Working memory — a new user/working namespace written on every compaction. Acts as a "what's been happening lately" snapshot. Injected in full at session start. Expires after N days (default 14).
Unified user namespace — a canonical user/* tree shared across all channels, replacing today's session-scoped isolation.
Section 1: Unified User Namespace
Namespace Layout
memory/
user/
profile ← stable facts: name, timezone, role, preferences
patterns ← recurring behaviors: working style, recurring topics
working ← rolling compaction summary (TTL-based)
sessions/
telegram:123/... ← session-specific (unchanged, existing behavior)
ws:abc/...
Identity Model
A single memory.user_namespace config key (default: unset) ties all channels together. All channels on the Flynn instance with this config treat memory as belonging to one person. Unset = current session-scoped behavior, unchanged.
This is appropriate for personal assistant deployments (one person, many surfaces). Multi-user is out of scope.
Config
memory:
user_namespace: "user" # enables shared identity; absent = session-scoped (current)
Extraction Routing
When user_namespace is set:
- Stable extracted facts →
user/profile,user/patterns - Compaction summary →
user/working - Session-specific context →
sessions/<id>/...(unchanged)
Section 2: Working Memory Layer
Storage
user/working namespace in the existing MemoryStore (flat file, no new storage engine). File format:
# Working Memory
Updated: 2026-02-25T11:30:00Z
Expires: 2026-03-10T11:30:00Z
[compaction summary content]
Lifecycle
| Event | Action |
|---|---|
| Compaction runs | Write summary to user/working, replacing previous content |
| Session starts | Read user/working; inject if Expires is in the future |
Expires in the past |
File is ignored; overwritten on next compaction |
| Memory store not configured | Entire feature is a no-op |
No background cleanup job required — expiry is checked lazily on read.
Size Budget
Capped at working_memory_max_tokens (default 1000 tokens). If the compaction summary exceeds the budget it is truncated before writing. Keeps injection overhead predictable.
Config
memory:
working_memory_ttl_days: 14 # expiry window; default 14
working_memory_max_tokens: 1000 # injection size cap; default 1000
Section 3: Compaction → Working Memory Flow
Current Flow
history exceeds threshold
→ compactHistory() produces summary string
→ summary replaces trimmed messages in session history
→ summary string discarded
New Flow
history exceeds threshold
→ compactHistory() produces summary string
→ summary replaces trimmed messages in session history
→ summary written to user/working (replaces previous)
→ memory extraction writes facts to user/profile + user/patterns
Compaction Prompt Change
Today's compaction uses a generic summarization prompt.
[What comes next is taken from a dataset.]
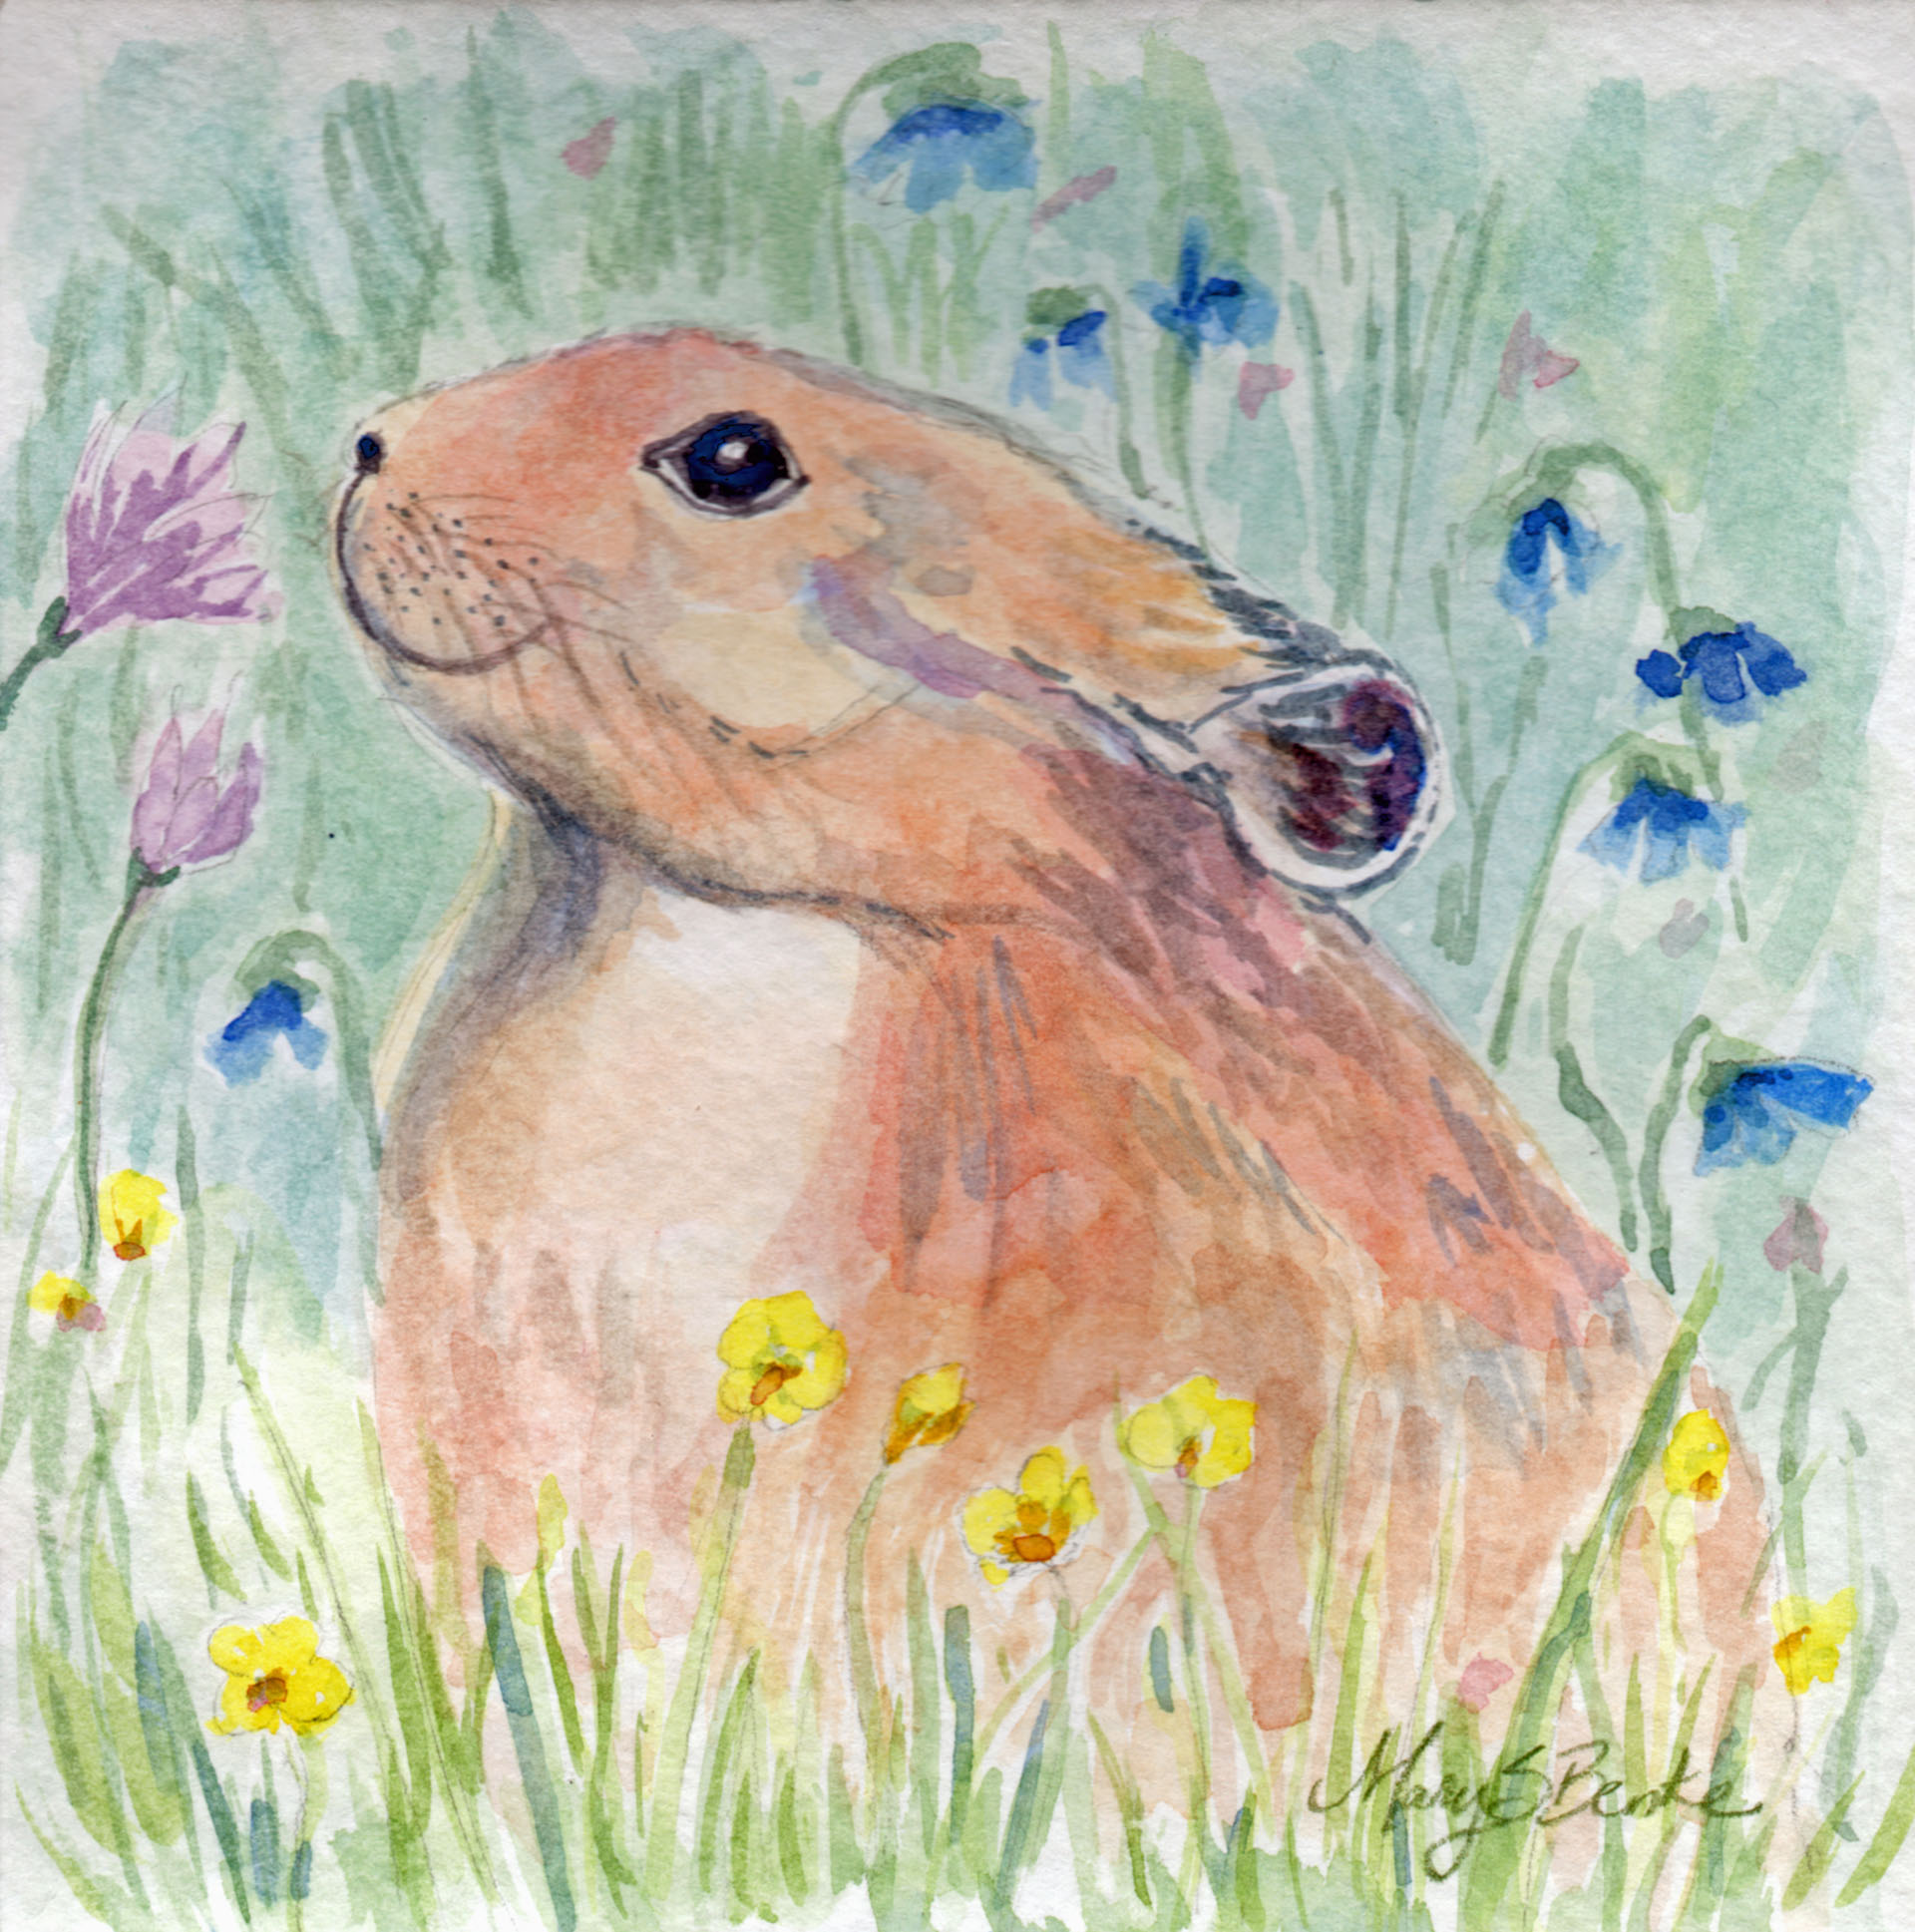 An adorable pika sits in a meadow of wildflowers in this square-format watercolor painting by Mary Benke

Add a personal-assistant-focused variant that explicitly captures:
- What the user was working on and current status
- Decisions made and their outcomes
- Preferences or constraints the user expressed
- Open threads and follow-up items
This makes user/working genuinely useful as a "picking up where we left off" snapshot rather than a generic recap.
The improved prompt is only used when user_namespace is set. Existing generic compaction is unchanged otherwise.
Section 4: Session Start Injection
Injection Point
A new one-time _injectSessionContext() call in the orchestrator, triggered before the first user message of a new session. Separate from the existing per-turn _injectMemoryContext().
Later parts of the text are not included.